Following my review of 1899,
see: https://hpanwo-voice.blogspot.com/2022/11/1899.html,
I was interested to check out Baron bo Odar's previous work, Dark. Also, Anthony Peake recommended
this too, saying it was even more "ITLADian" than the newer one. This
is a much longer project, a miniseries of twenty-six hour-long episodes split
into three seasons. Like 1899, there
are a large number of primary characters, fifteen to twenty in this case, and
they are in an ensemble with no central figure. This is a structure similar to soap
operas or daytime dramas. Adding in the esoteric element the whole effect
reminded me very much of Twin
Peaks , see: https://hpanwo-voice.blogspot.com/2021/09/twin-peaks.html.
The story takes place in a small German town called Winden that has in its
centre a nuclear power station and research centre. There is a cave underneath
it with an astonishing secret, a portal that allows a person to time travel.
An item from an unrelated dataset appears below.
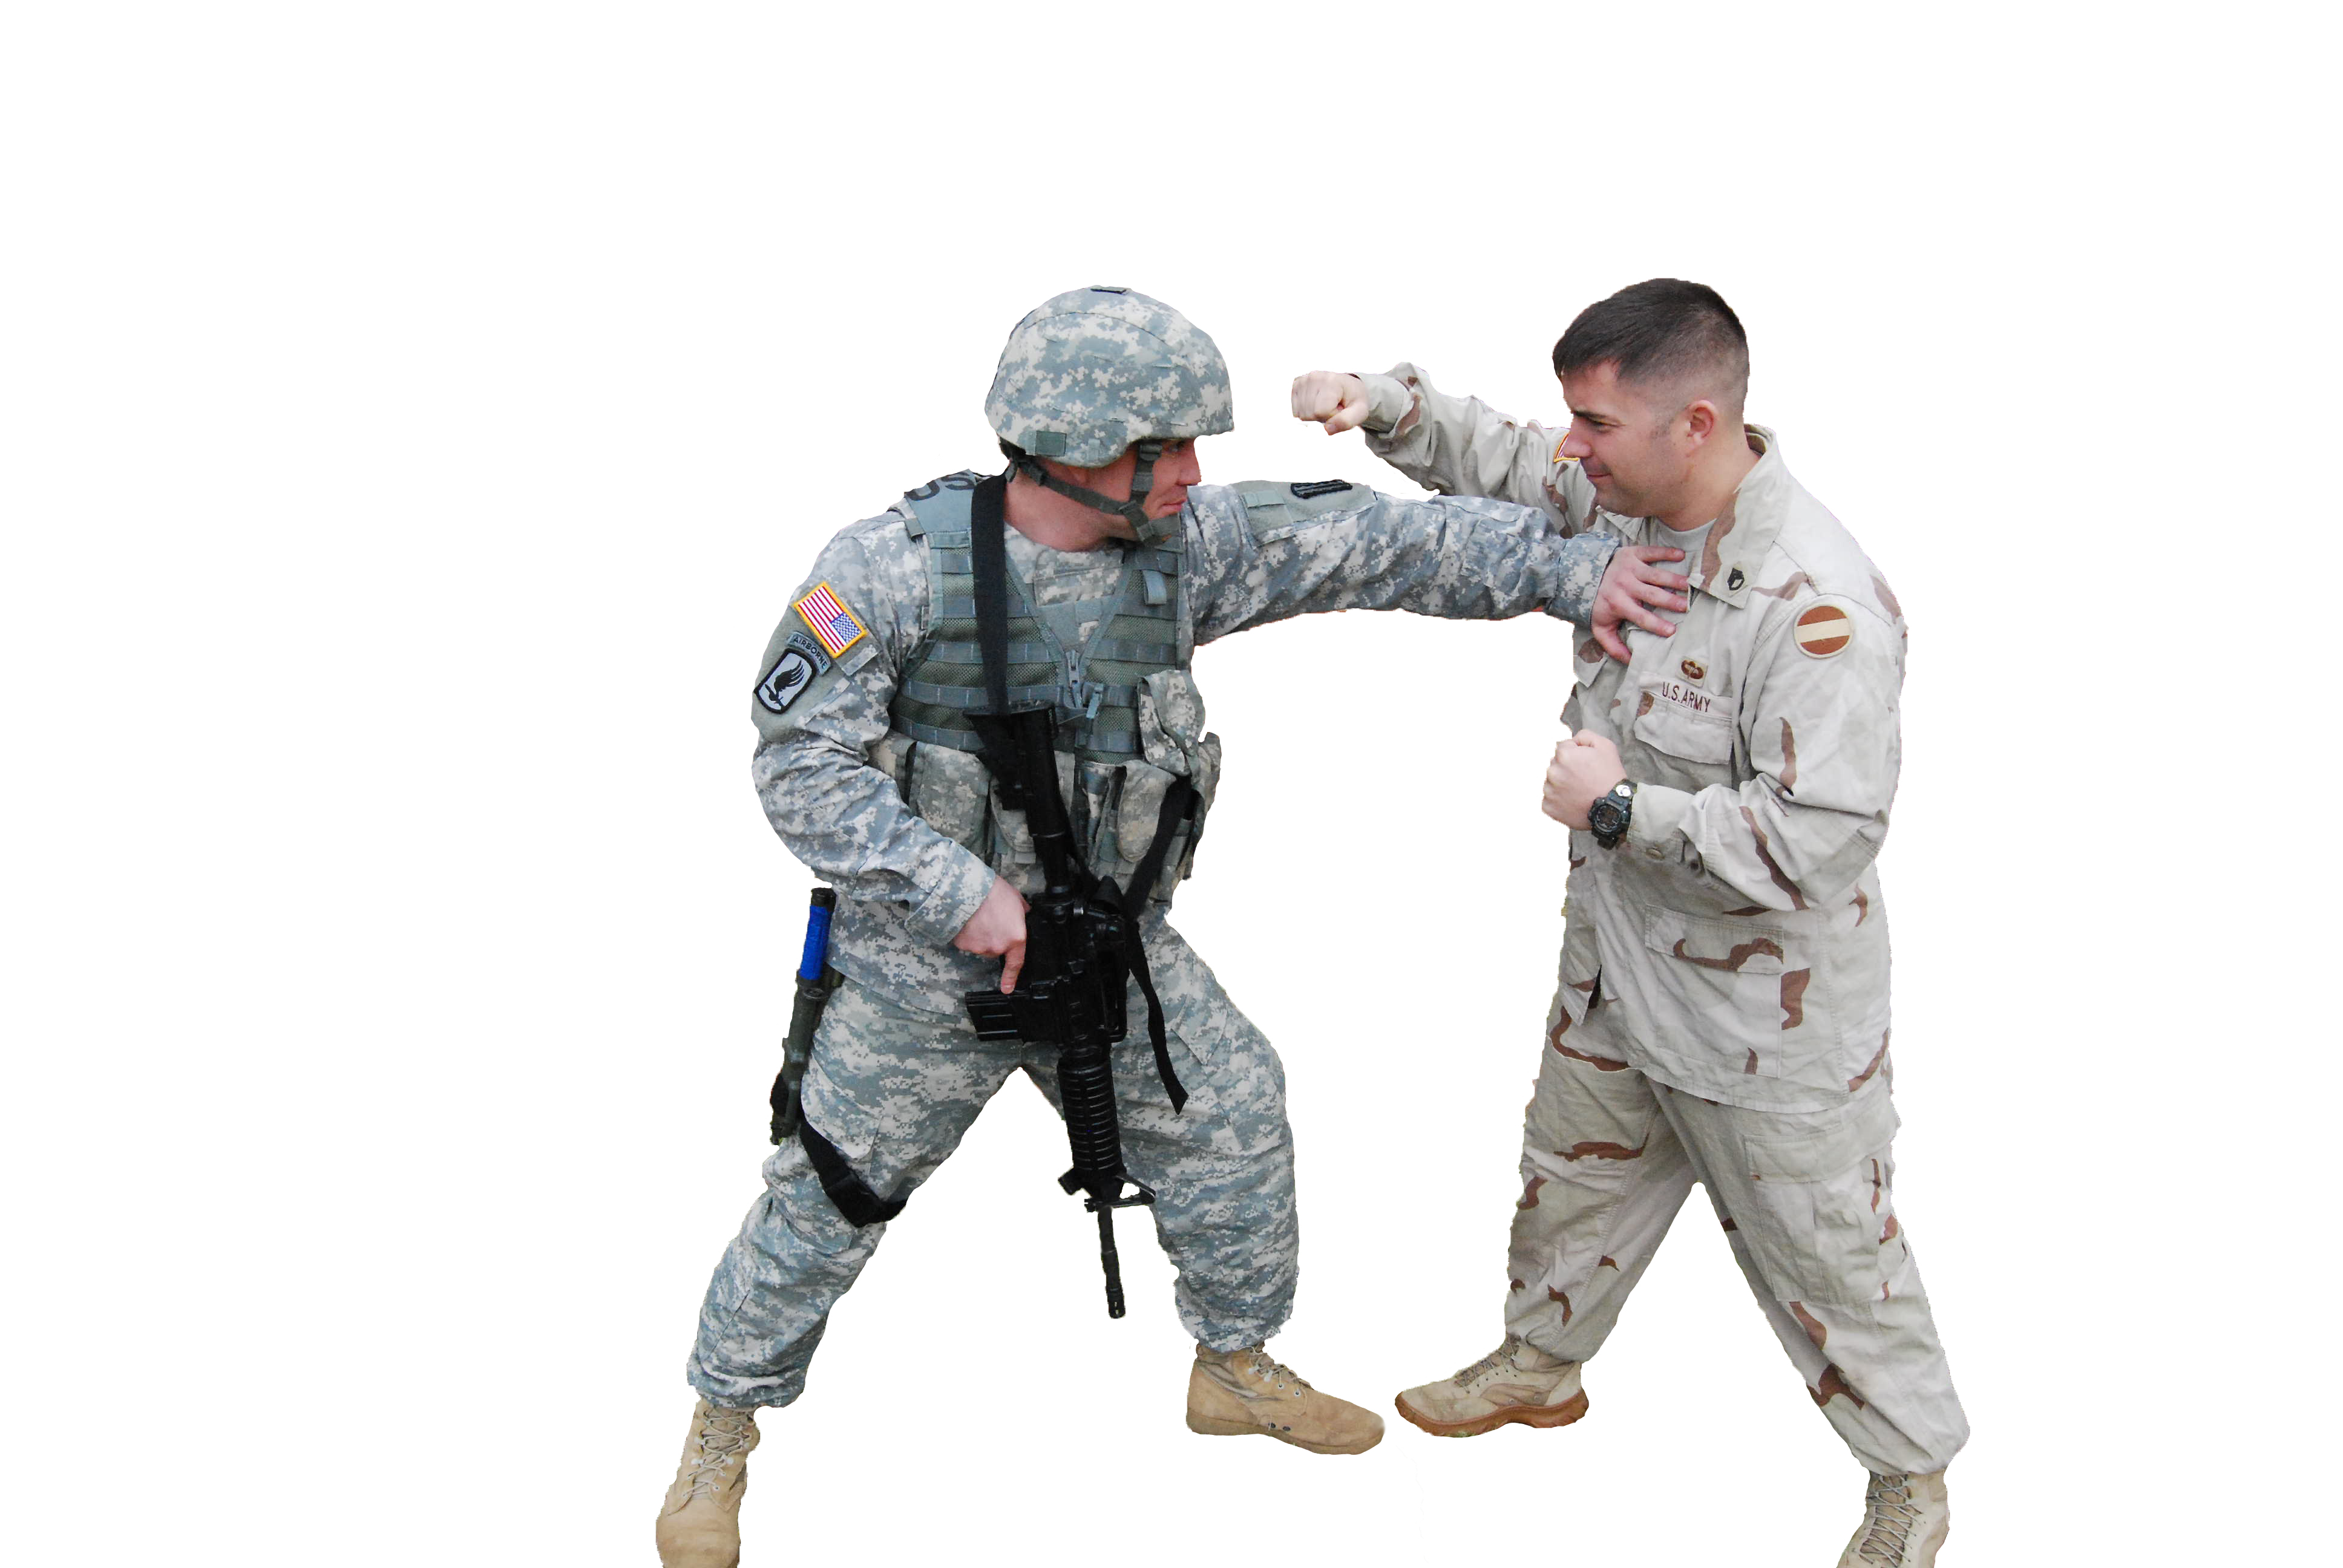 Kickin' it combatives style at Fort Benning | Article | The United ...

The portals emerge in periods of time thirty-three years apart over at least a
century and a half from the past into the present and then the future; the
years 1888, 1921, 1953, 1986, 2019 and 2053. Children in the town keep
vanishing and it turns out that they vanish because they enter the portal and
move into the past or future. They find themselves in the same place, the cave
in Winden, but during a different era. On some of these occasions the children
remain in the time period they emerge into, either voluntarily or because they
can't get back to the portal for various reasons. (For a teenager in the
present day going back in time to be a teenager in the 1980's, I can well
believe they would not wish to return!) This has generated a dark secret among
the people of Winden, some of the residents are actually the same person at
different periods of their lives; they even meet each other. This makes family
relationships extremely complex. Some offspring are older than their parents,
or even their grandparents. One person can be a father, mother, or step-parent
at the same time. In one incestuous circuit, a woman called Charlotte
is both the mother and daughter of
another character, Elisabeth. In the third season the complexity is deepened by
the addition of a parallel universe. It makes the series hard to follow for the
viewer and I recommend finding some spare time to binge-watch it, rather than
dipping in and out of it like I did.
The production designers have gone to some effort to make it
easier to know what's going on. For instance, one of the characters is very
distinctive because she has eyes of a different colour, so the viewer can spot
her immediately, even though we see her as a little girl, a middle-aged woman
and finally an old lady. Different time periods and universes are also
designated for the viewer by different weather conditions. In the parallel
universe it's always foggy; in 2053 it's cold and wintry, in 1888 it never
stops raining. The portal under the nuclear plant, along with the invention of
a very steampunk time machine reminiscent of 1899, means that the storyline takes place in an indefinite
causality loop, similar to the film Groundhog
Day. Like the main character in that film, the mission of the characters is
to break that cycle. They are led by a group of people who know the truth about
the time loop called "the Travellers". However, the Travellers are
not united in their vision and have different goals when it comes to moving
forward out of the time loop. The series does lack a lot of plausibility
because of the problem of paradoxes, something I brought up in a video script I
once wrote. Travelling into the future is not a problem, at least theoretically,
as Albert Einstein worked out. Travelling into the past cannot be done literally.
It can only be simulated through the many-worlds hypothesis, see here for
details: https://hpanwo-voice.blogspot.com/2019/05/time-traveller-comes-back.html;
but as I said, the story of Dark does
include a parallel universe element. Dark
is a well-acted, absorbing and ambitious production that never drags, despite
its duration. Sometimes it's upsetting. I'm pleased to say the casting is very "natural" for a town in rural Germany, if you know what I mean. Unlike 1899, the dialogue
is all in its native German, but on Netflix the audio and subtitle options are
available too. I wonder what Michael Shrimpton makes of it!